EXTRACTED MATERIAL:
>>>>>
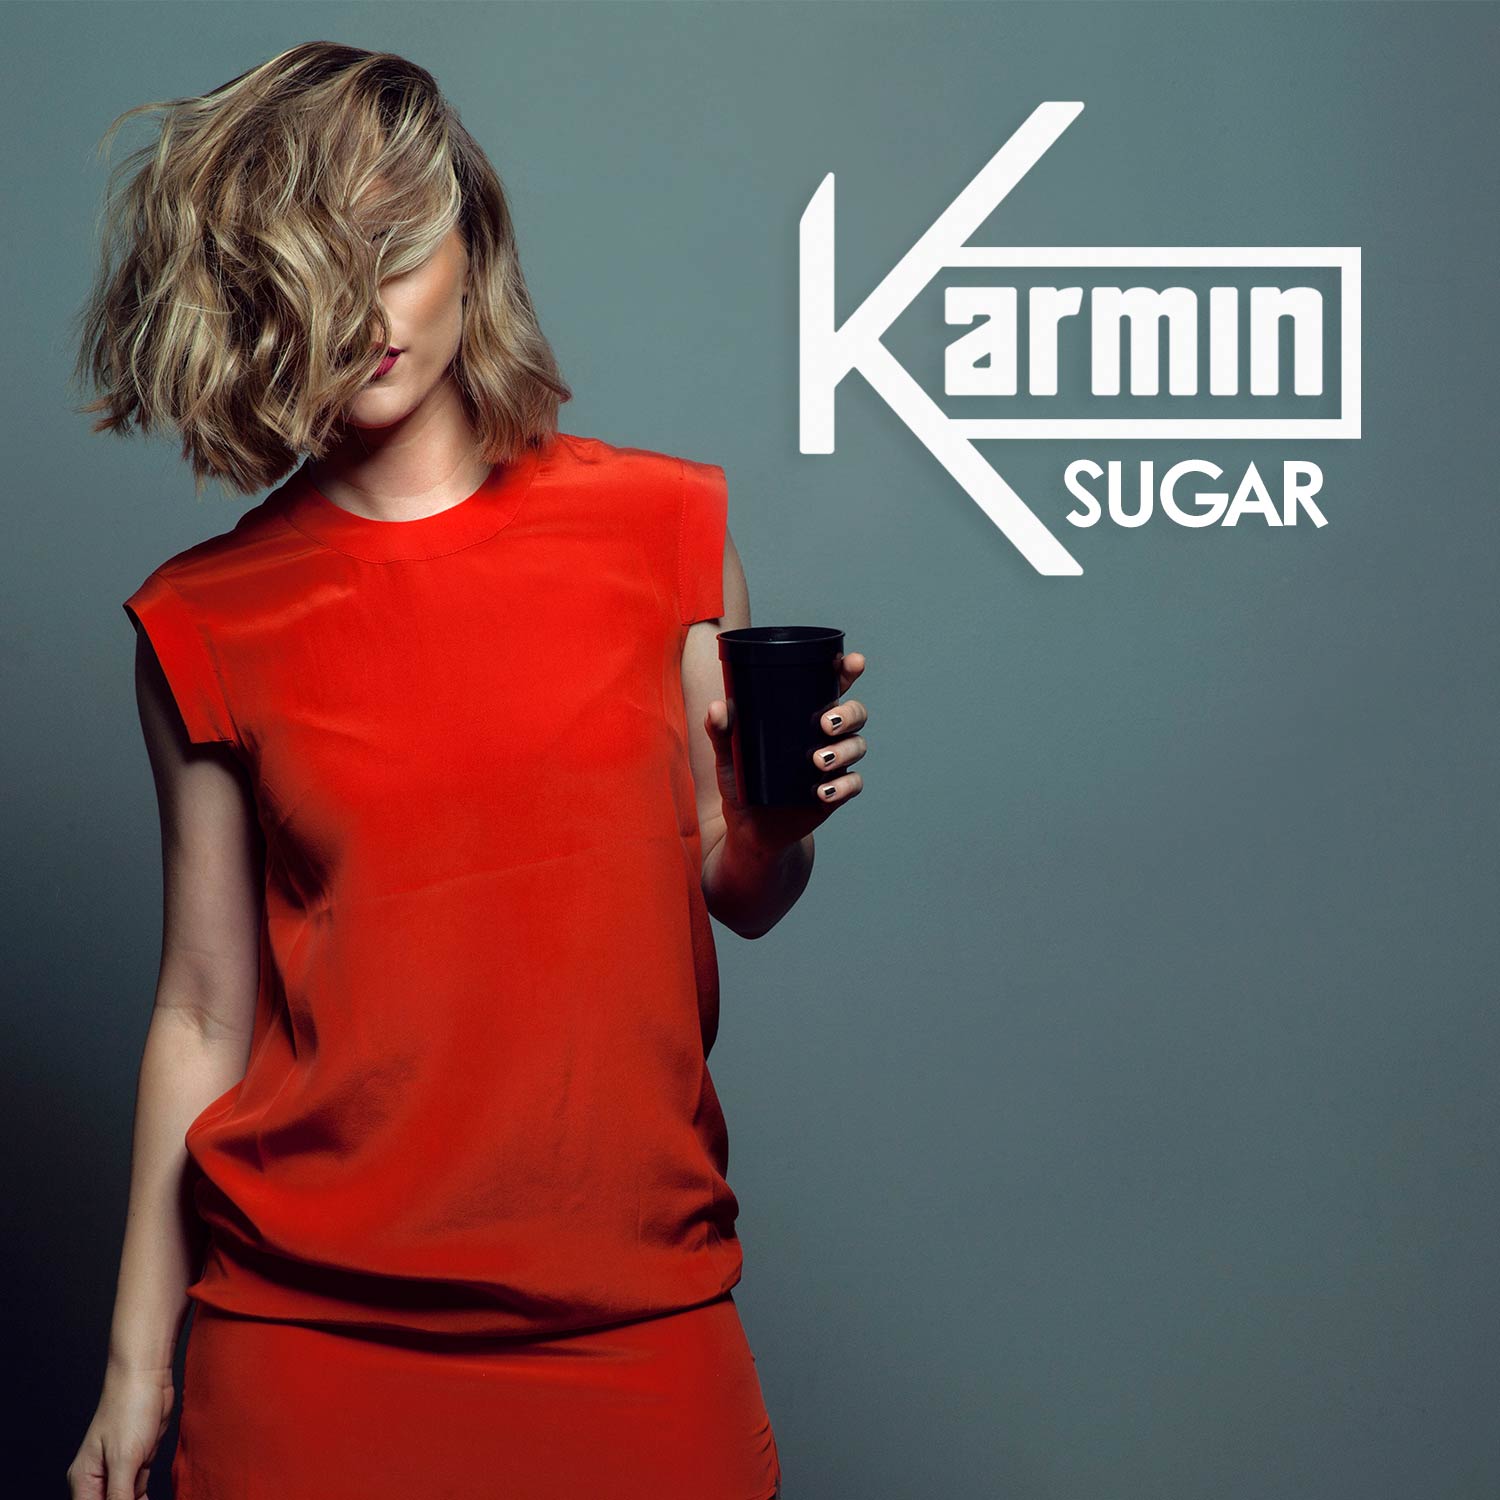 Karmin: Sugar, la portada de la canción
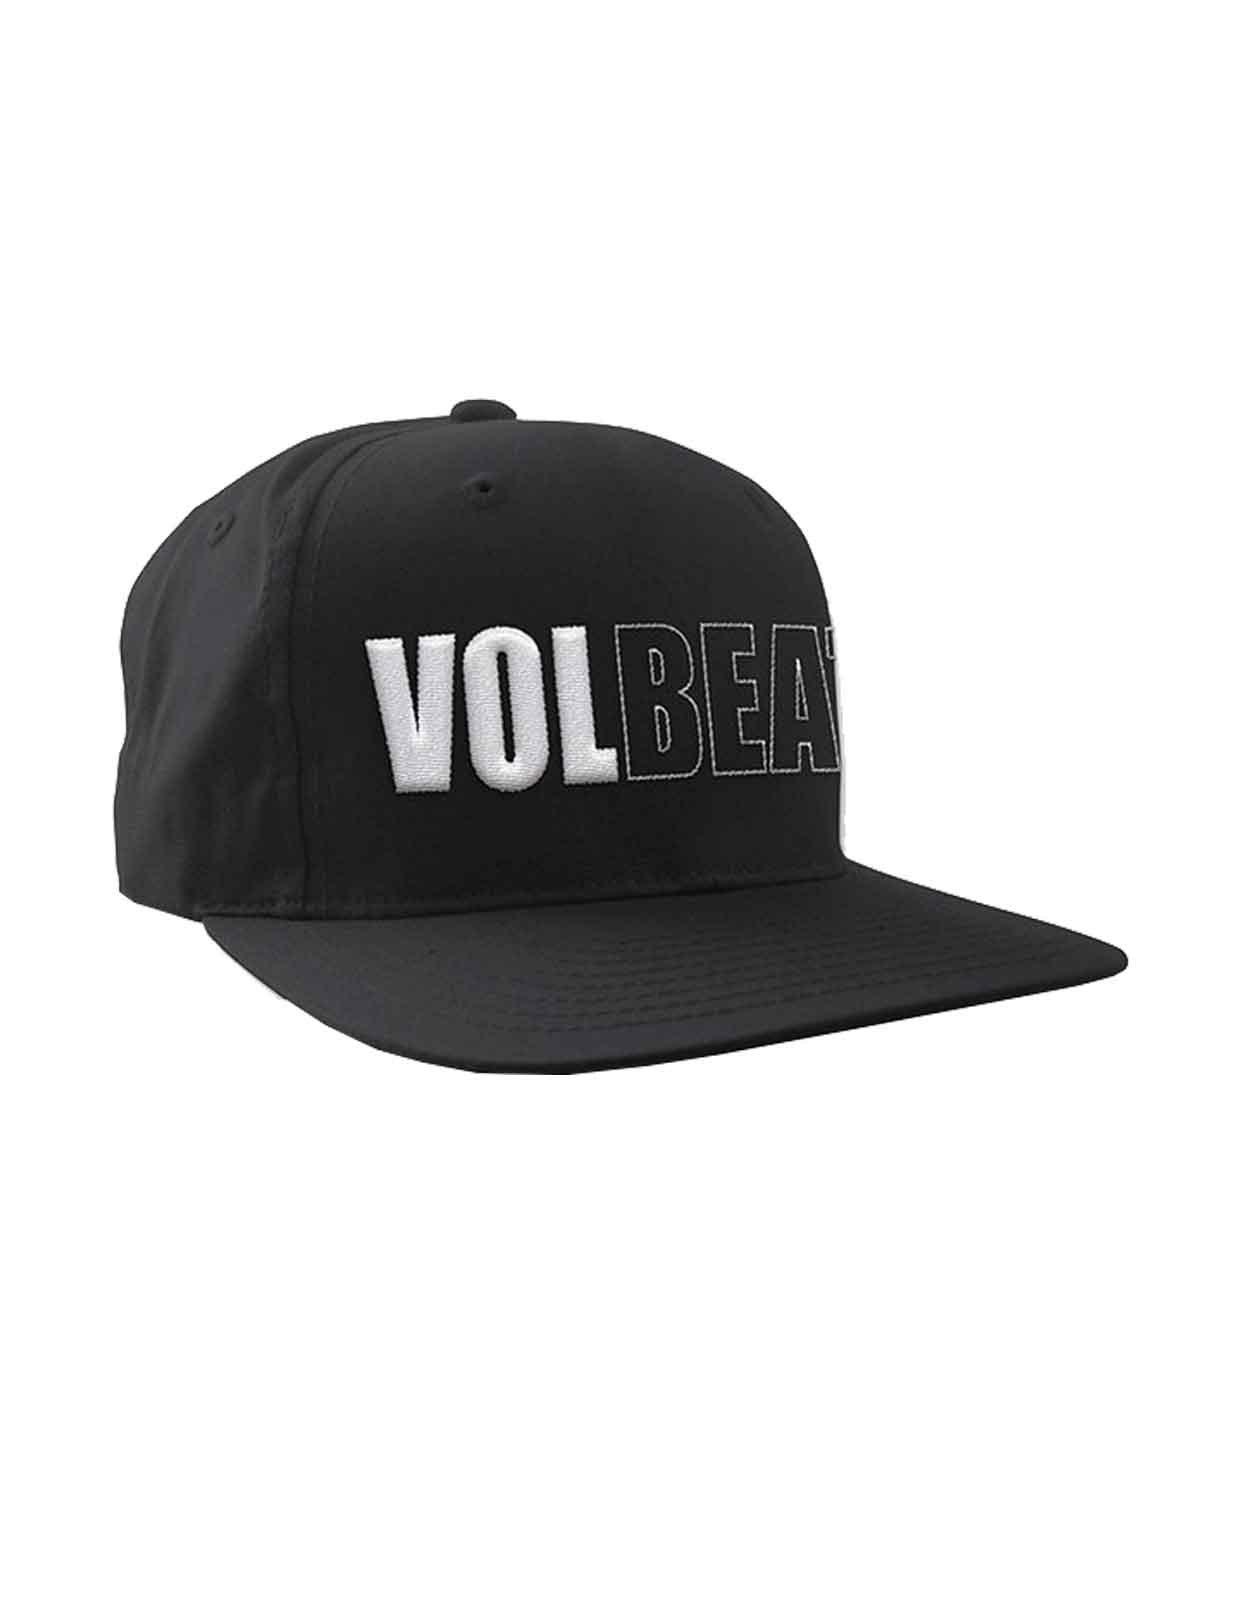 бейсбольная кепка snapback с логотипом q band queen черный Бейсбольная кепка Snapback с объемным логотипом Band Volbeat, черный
<<<<<
>>>>>
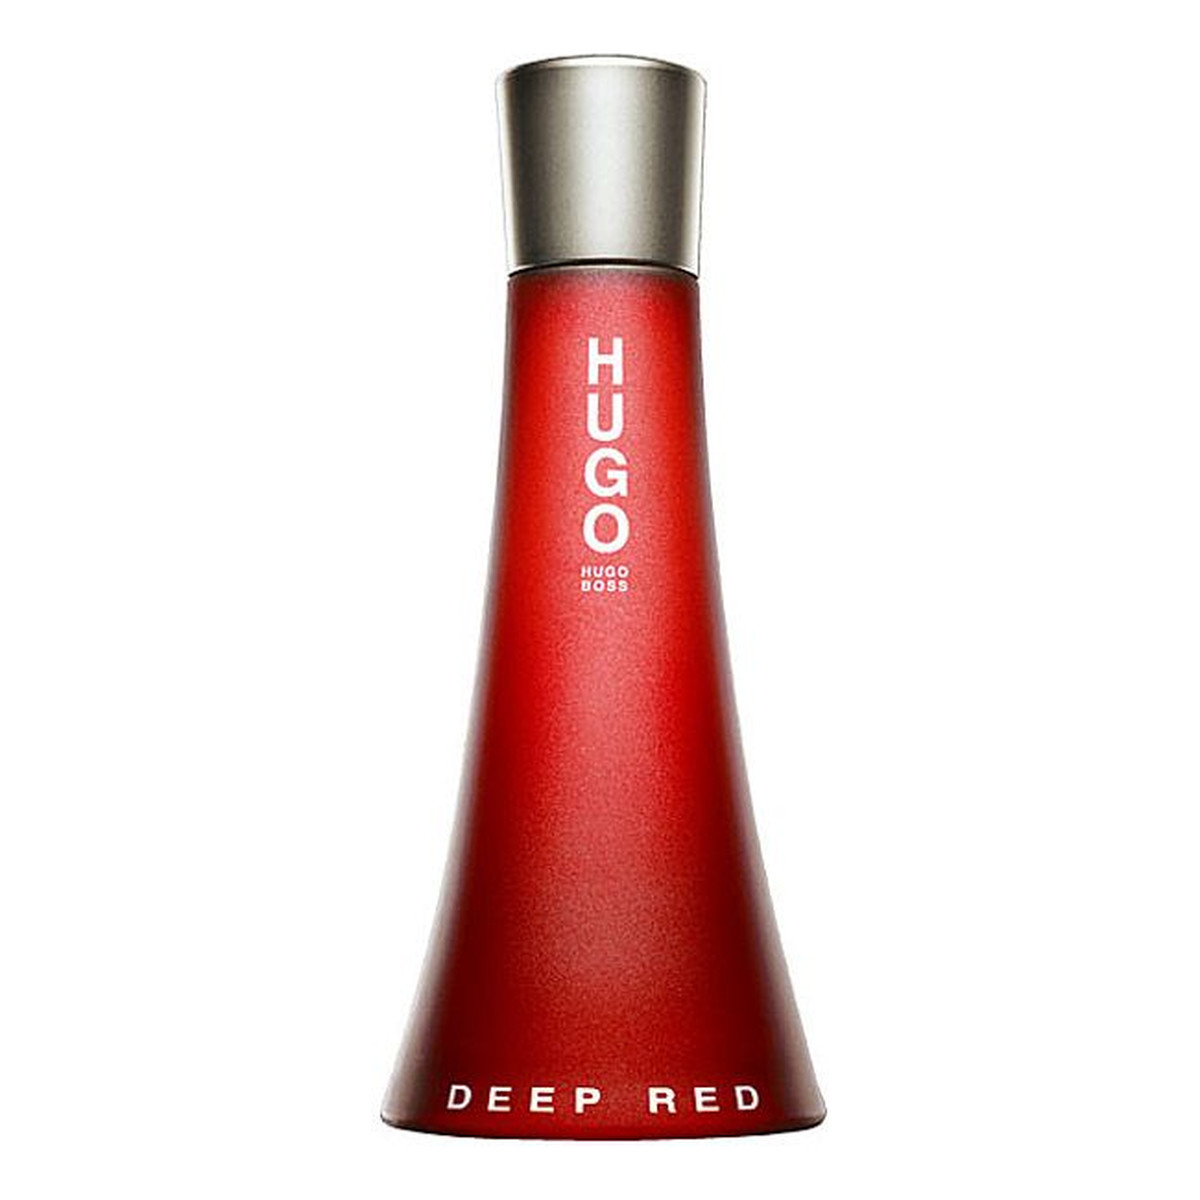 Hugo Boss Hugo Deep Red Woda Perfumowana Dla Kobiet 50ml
<<<<<
WHAT TO PRODUCE:
Using the entries above, transcribe exactly from the line that has "Karmin: Sugar, la portada de la canción" through the line that has "бейсбольная кепка snapback с логотипом". Pictures are dropped.

RESPONSE:
 Karmin: Sugar, la portada de la canción
 бейсбольная кепка snapback с логотипом q band queen черный Бейсбольная кепка Snapback с объемным логотипом Band Volbeat, черный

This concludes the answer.